True love is the state of your mind in which there are zero conflicts , no
violence , just a light a joy you want to share . This sharing is called Love
. I have found something and i wanted to share it, this sharing is called
Love. Love is your own internal condition/state . It's not at all something to
do with the other person . Love is not like you got someone , it's "You found
yourself" .

------
dctoedt
The author's ex, Daniel, did the right thing by breaking up with her. He was
fairly sure that he didn't see a long-term future with the author. It would
have disserved both of them — and been woefully unfair to her — for him to
keep seeing her just out of habit and convenience.
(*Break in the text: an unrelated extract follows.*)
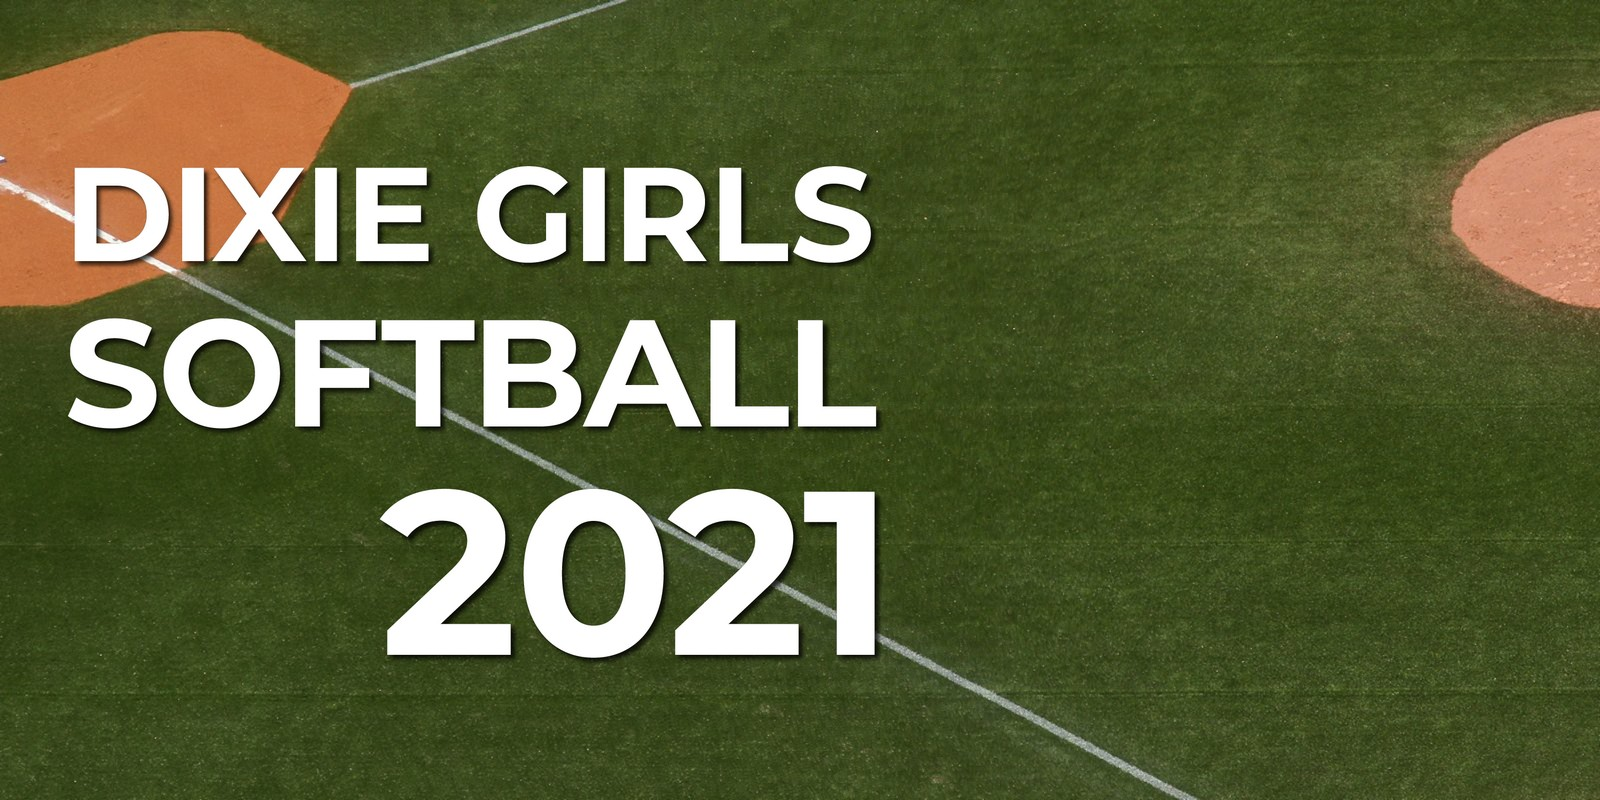 Dixie Girls Softball 2021

Both of them would have
been at least somewhat foreclosed from other romantic opportunities that, at
least in his eyes, would have been a better fit.

------
jayalpha
Man, you will know. Trust me. But in general:

"Don't have sex man. It leads to kissing and pretty soon you have to start
talking to them."

Steve Martin

------
westurner
Where is the feeling felt? Is there an associated color or a shape or a
kinesiologic position?

"Love styles"
[https://en.wikipedia.org/wiki/Love_styles](https://en.wikipedia.org/wiki/Love_styles)

"Greek words for love"
[https://en.wikipedia.org/wiki/Greek_words_for_love](https://en.wikipedia.org/wiki/Greek_words_for_love)

------
neom
I wonder how Ayn Rand would feel about this article.
[https://www.youtube.com/watch?v=wMNUdDC4tEc](https://www.youtube.com/watch?v=wMNUdDC4tEc)

------
skilled
Gather around friends, the wine is on me.